The Kremlin’s refusal to halt its bombardments and its ever-growing list of demands certainly question Moscow’s genuine commitment to pursuing peace. 

Putin’s game is an old one — paying lip service to peace negotiations while in reality quickly reneging on even the smallest diplomatic breakthrough.

A case in point: while the White House announced on 25 March that Kyiv and Moscow had reached a tentative deal to “eliminate the use of force” in the Black Sea and halt attacks on energy infrastructure, the Kremlin wasted no time in qualifying this apparent breakthrough, tying its compliance to a sweeping list of demands, including sanctions relief for its financial institutions and agricultural exports, as well as restored SWIFT access.

Donald Trump cannot be trusted to credibly push back against what even he has described as Moscow's feet-dragging.

Rather than rejecting this diplomatic brinkmanship, Trump has concerningly acknowledged “there are five or six conditions,” and that “we are looking at all of them,” offering Putin an open invitation to continue moving the goalposts.

The US’s bowing to Russia’s demands without extracting meaningful concessions or coordination with European allies could rejuvenate the country’s considerably weakened economy and military apparatus.

It could even fuel the conflict’s expansion in Europe, with Moldova, Georgia and the Baltics Putin’s likely next targets. 

Under the circumstances, the ‘Old Continent’ should start drawing up the death certificate of transatlantic relations – at least for the duration of the Trump presidency. As Germany’s next chancellor, Friedrich Merz, recently suggested, the very survival of Nato in its “current form,” is at stake, meaning that Europe must become independent.

Europe is faced with a task of historic proportions: rapidly and massively arming itself to ensure its defence without the US’s security umbrella, while ramping up its support of Ukraine to compensate for America’s shift towards the aggressor’s camp.

London's 'coalition of the willing'

Europe has taken some steps in the right direction, such as the 'Coalition of the Willing' which assembled in London in March — a group of like-minded nations striving to devise a plan to help end the war in Ukraine. While the summit at Lancaster House yielded few tangible outcomes, it marked a step in the right direction.
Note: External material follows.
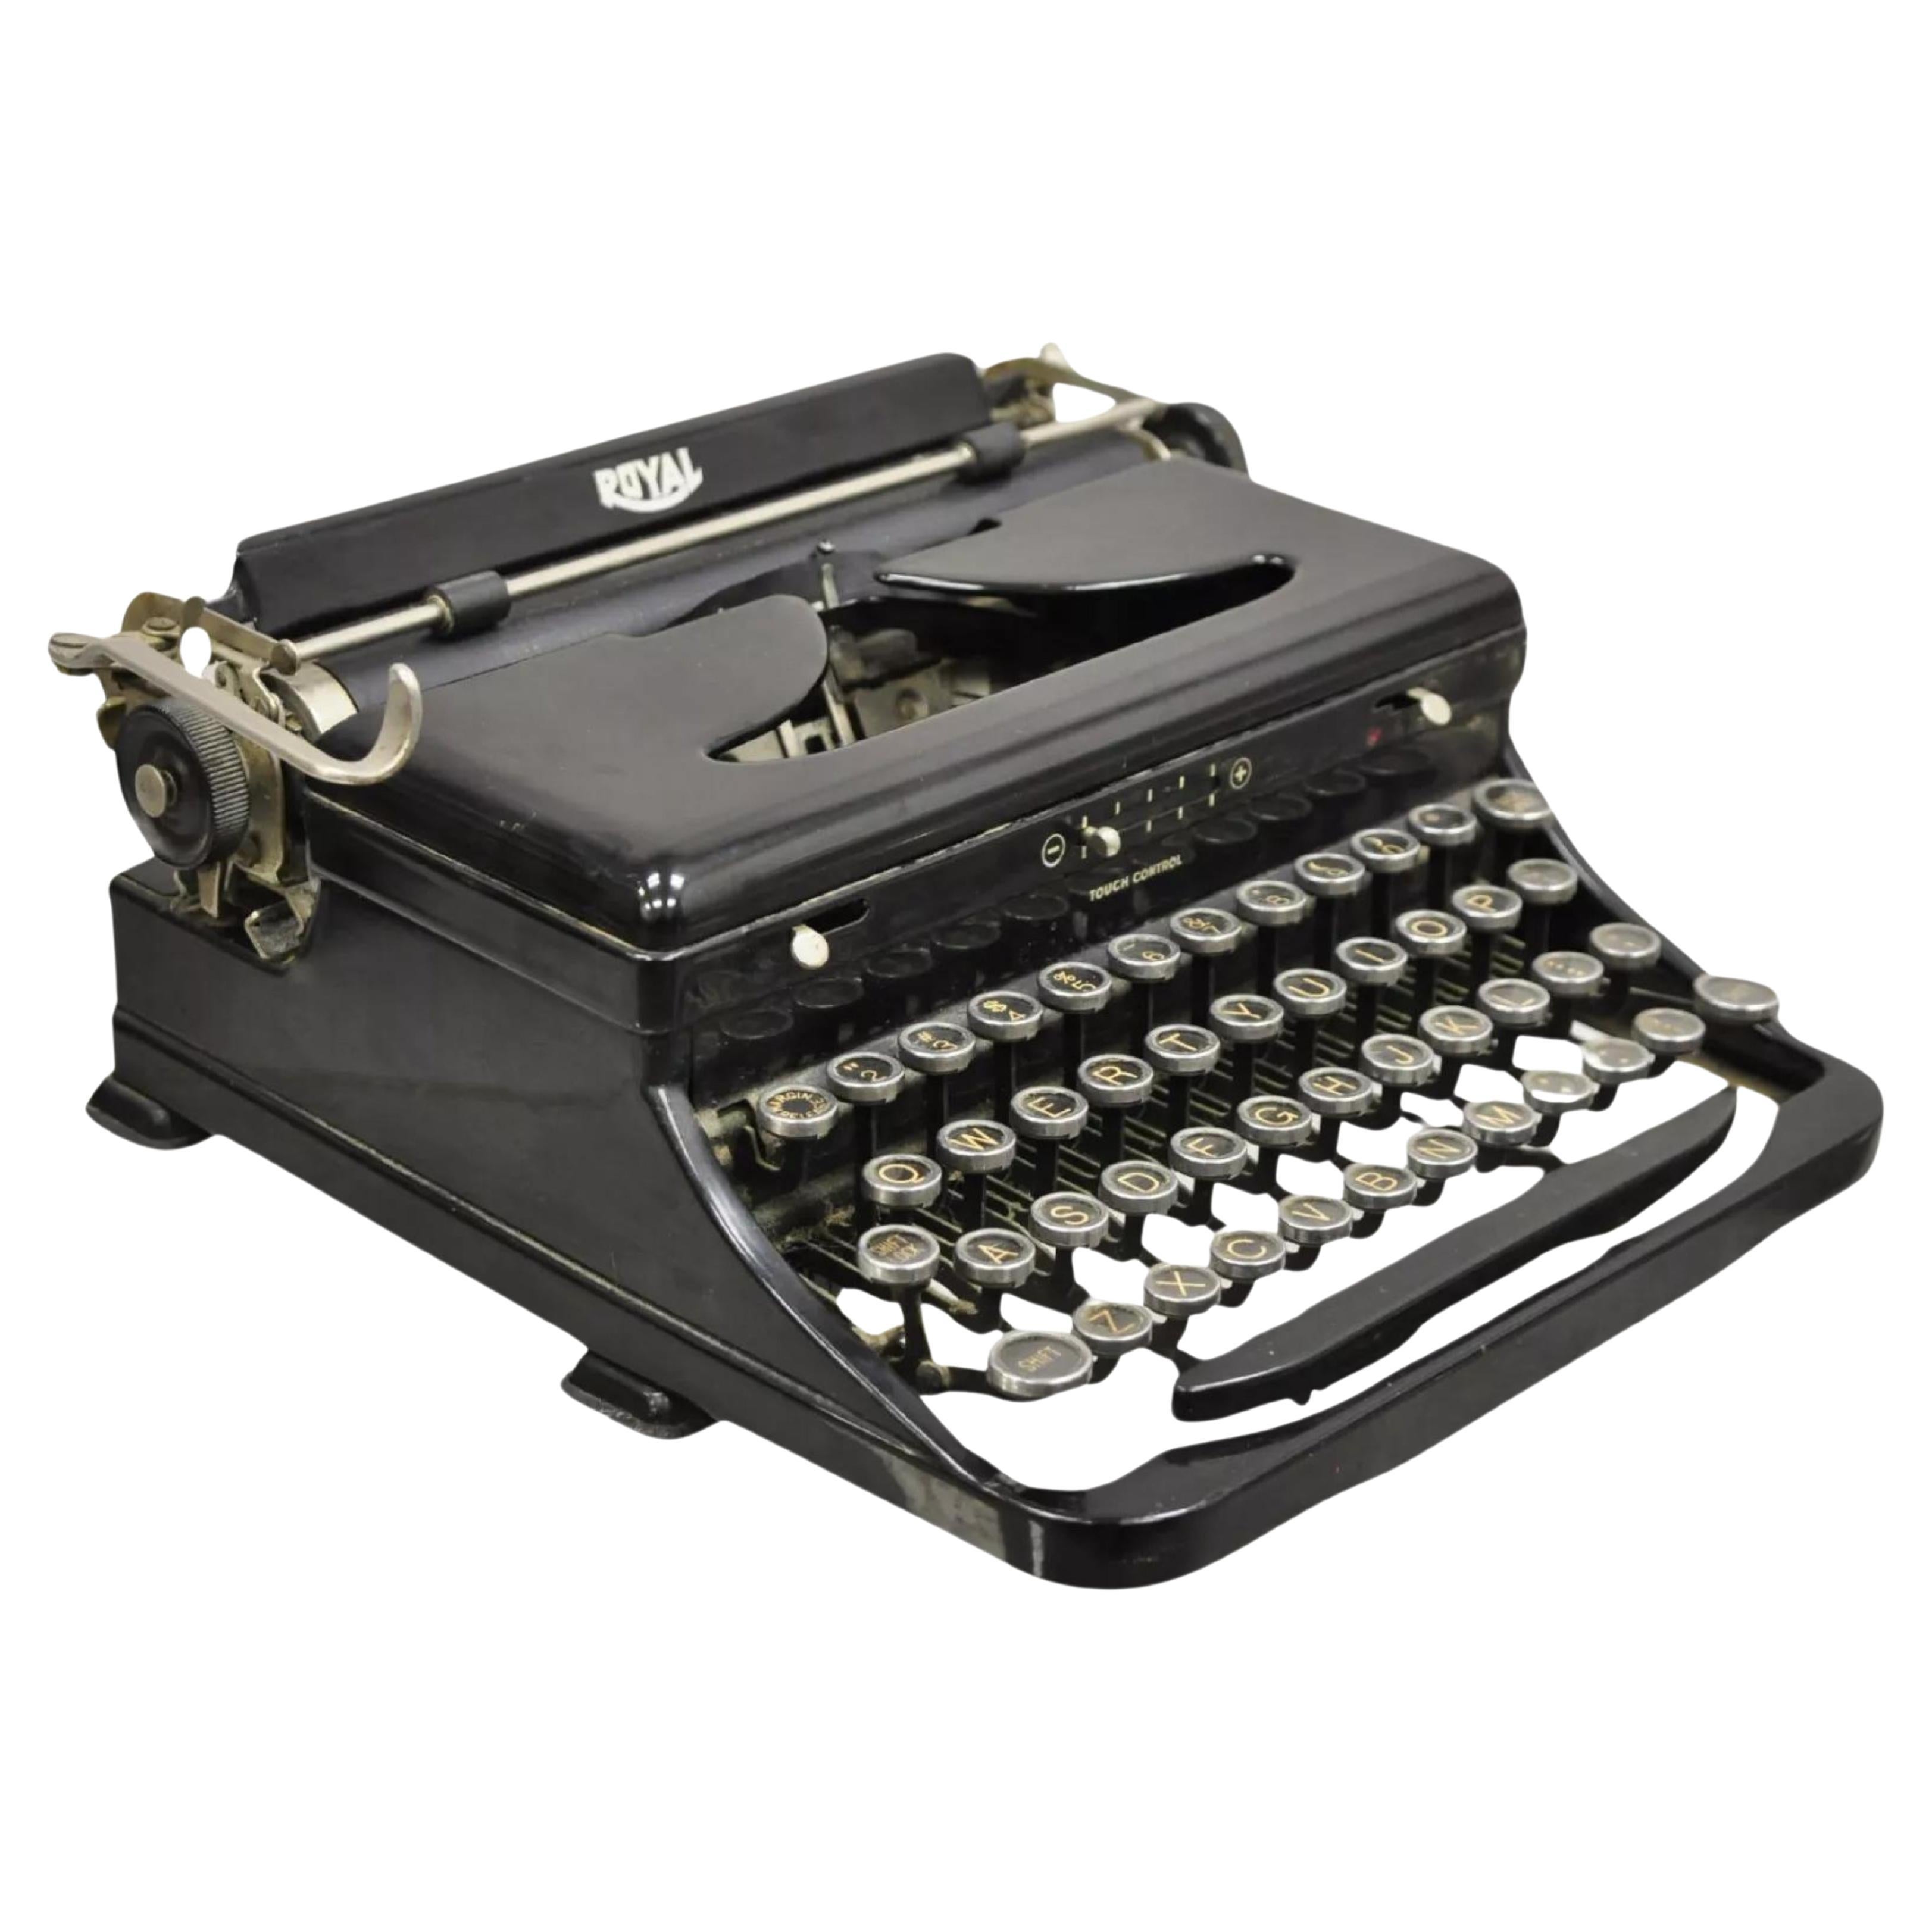 Antique Royal Model O Vintage Art Déco Black Portable Typewriter 1938
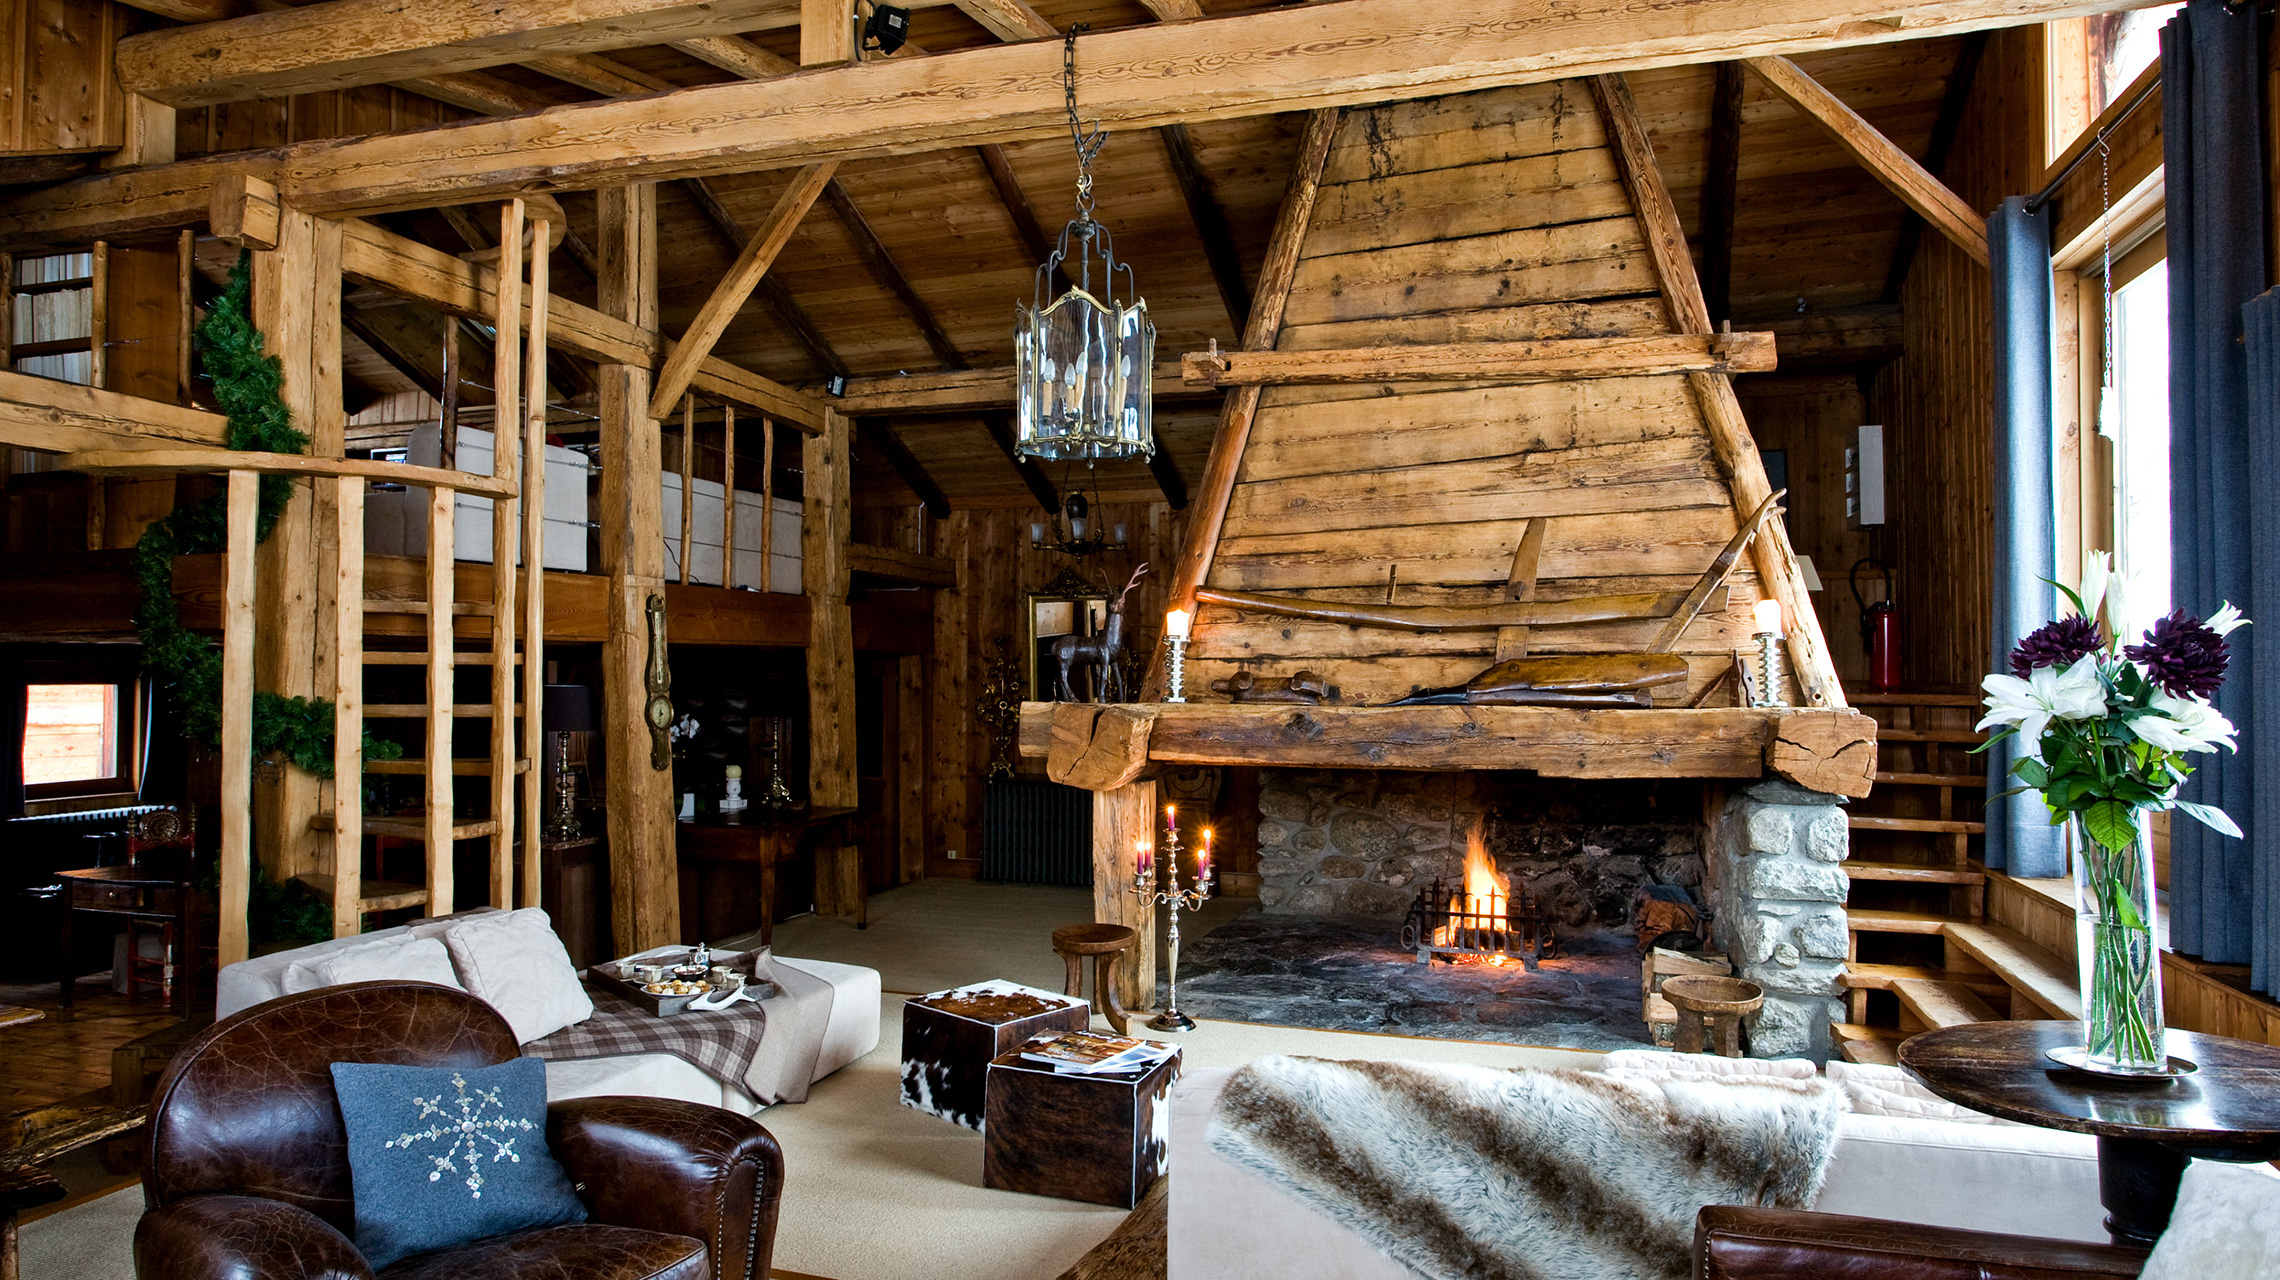 Интерьер дома в стиле Шале: Как создать альпийскую сказку? 210+ Фото дизайна изнутри и снаружи

Ukraine will continue to receive arms, while EU nations will expand domestic weapons production — not only to bolster military strength in support of any potential peace agreement but also to reduce reliance on Washington’s weaponry and enhance their credibility on the global stage.

The flurry of recent events has made the need for this clear: Europe must offer Ukraine mutually-beneficial diplomacy that counterbalances the US’s brazenly transactional, ‘America First’ approach that considers the EU a footnote in geopolitics at best. 

The continent should begin this new era by refusing any so-called ‘peace agreement’ that fails to offer Ukraine meaningful security guarantees, the repatriation of Ukrainian children deported to Russia, substantial compensation for war damages, and the enforcement of justice against Moscow’s various criminals.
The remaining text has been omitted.